Каменный дракон молчал долго, глаза погасли. Придон уже
поднял топор, глаза выбрали место, куда обрушить тяжелый удар обухом, дракон
медленно заговорил:
– Я слышал… но это было очень давно. Это было настолько
давно, что даже я, который здесь уже тысячи лет в камне, а до этого тысячи лет
носился над юной землей… в общем, это очень давно. Я не знаю… Погоди! Я скажу,
кто знает.
Придон опустил топор. Сердце застучало чаще.
– Говори, жаба.
– Если идти вдоль реки, там будут горы… Когда-то были
молодыми и острыми, сейчас это наверняка холмы… Там жил Черный Див. Тогда это
был еще див, но я слышал, что он собирался стать богом. Если стал, то…
Придон спросил недоверчиво:
– А он мне ответит? Дракон сказал угрюмо:
– Я тебе сказал, кто знает. А ответит или нет… зависит
от тебя.
Придон убрал топор в чехол. Дракон не шевелился, но Придону
почудилось облегчение, проступившее на морде каменного зверя.
– Ответит, – произнес Придон. – Ответит!
Он повернулся и пошел к выходу. Каменные плиты, где только
что бушевало пламя, потрескивали, остывая. Цветок смотрела расширенными
глазами. Когда вышли из храма на яркий свет, она прошептала:
– Я никогда такого… Никогда…
– Ты увидишь, – сказал он, – насколько мир
велик.
– А кто, – произнесла она тихо, – Итания?
Волна жара прокатилась по его телу, сладко заныло сердце.
– Богиня, – ответил он.
– Богиня, – повторила она. – Богиня… богиня
чего? Он мотнул головой, челюсти сцепил, чтобы не вырвался стон.
– Всего, – ответил хриплым голосом. – Богиня
всего на свете! Именем ее молюсь, именем ее живу, во имя ее свершаю, творю,
дышу, двигаюсь… Все, чем живу, чем дышу, что у меня было и будет, – все в
ее честь, ее славу, за ее улыбку. Пойдем, нам нужно встретить Черного Дива.

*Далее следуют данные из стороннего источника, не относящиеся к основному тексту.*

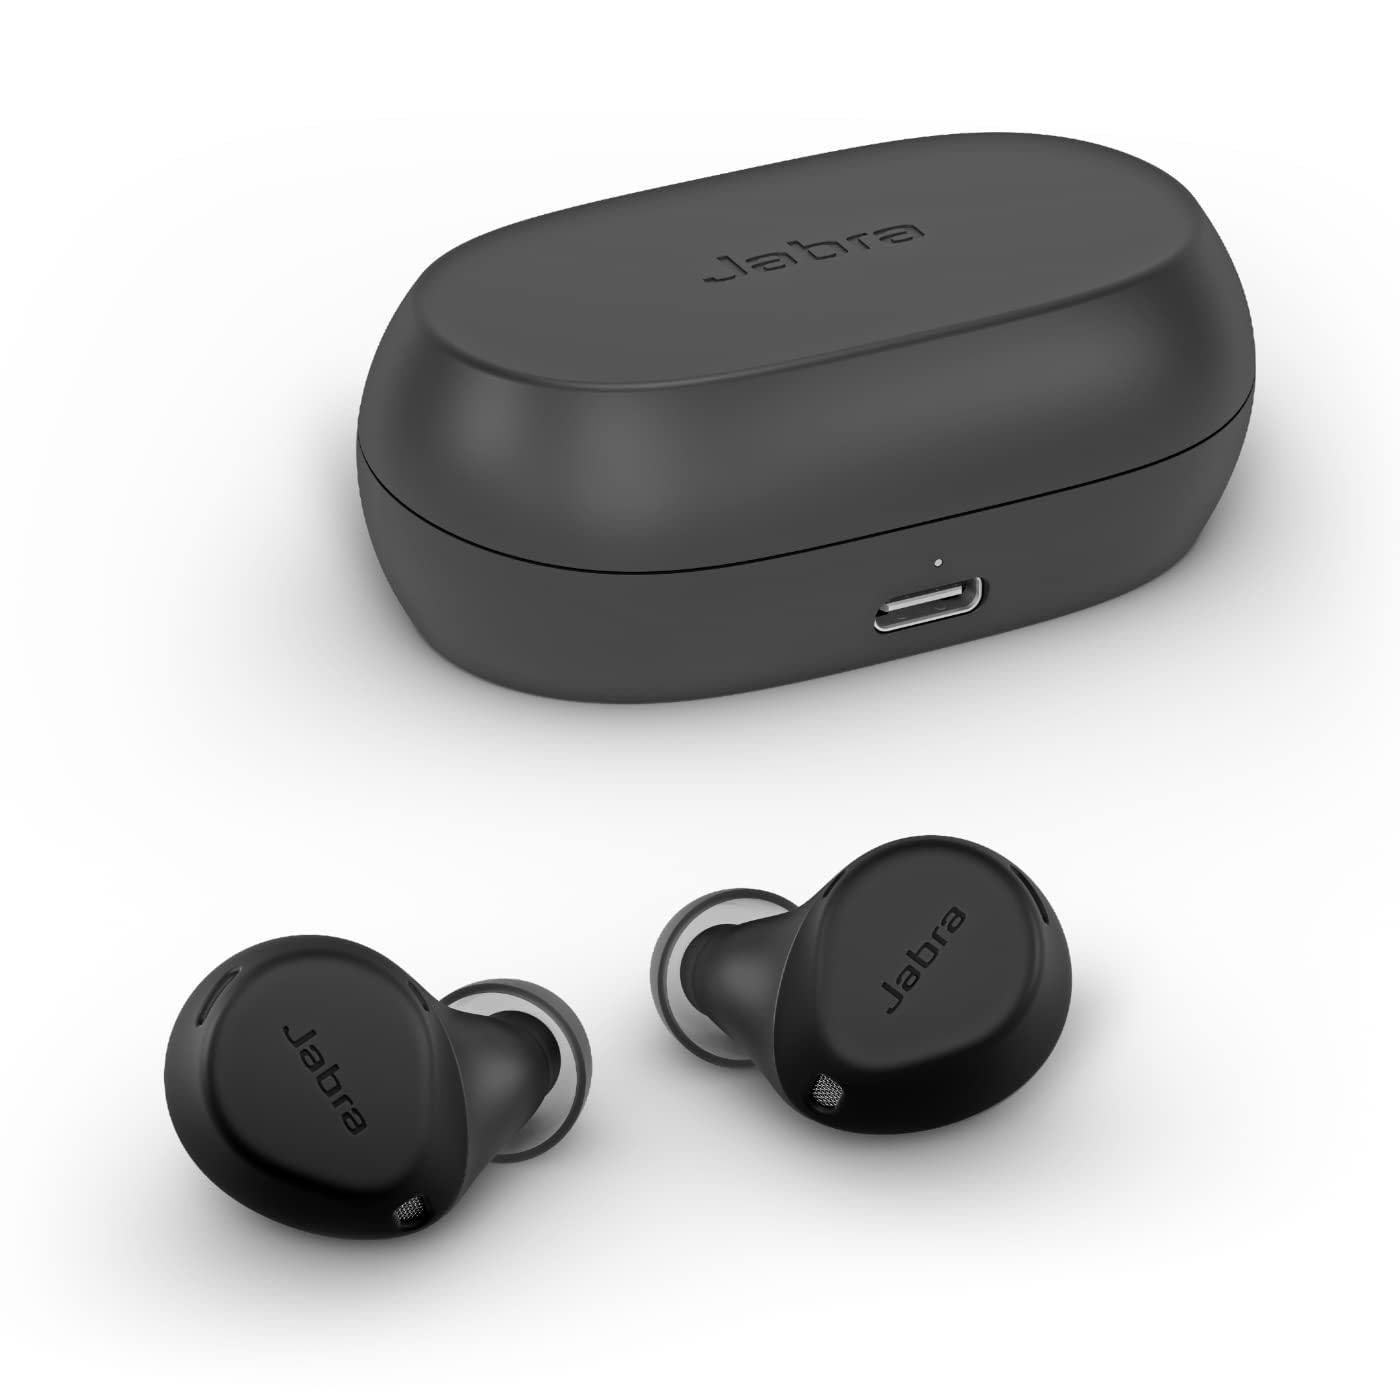  Jabra سماعات الأذن Elite 7 Pro داخل الأذن بتقنية البلوتوث - سماعات لاسلكية حقيقية قابلة للتعديل لإلغاء الضوضاء النشط...

Цветок снова ахала, не верила глазам своим, а когда выбежала
за Придоном, все косилась на огромное водное пространство. Река послушно
двигалась рядом с ними, покорно повторяла все движения, изгибалась,
вытягивалась, манила песчаными отмелями и зарослями камышей, откуда слышны
кряканье и плеск воды.
Придон с шумом пробегал по длинным отмелям, а когда наступил
жаркий полдень, охотно отодвинулся под близкий полог леса. Река все так же
несет свои воды в сотне шагов, не прячется, а он на ходу срубывал верхушки
сочных кустов и молодые деревца, приноравливаясь к новому топору.
Очень редко встречались избушки, обычно рыбацкие или
охотничьи. Только однажды встретили целую деревню из десяти домов, но Придон
так и не понял, чем промышляют, ибо рыбной ловлей такой толпе не прокормиться,
как и охотой, а полей или огородов что-то не приметил.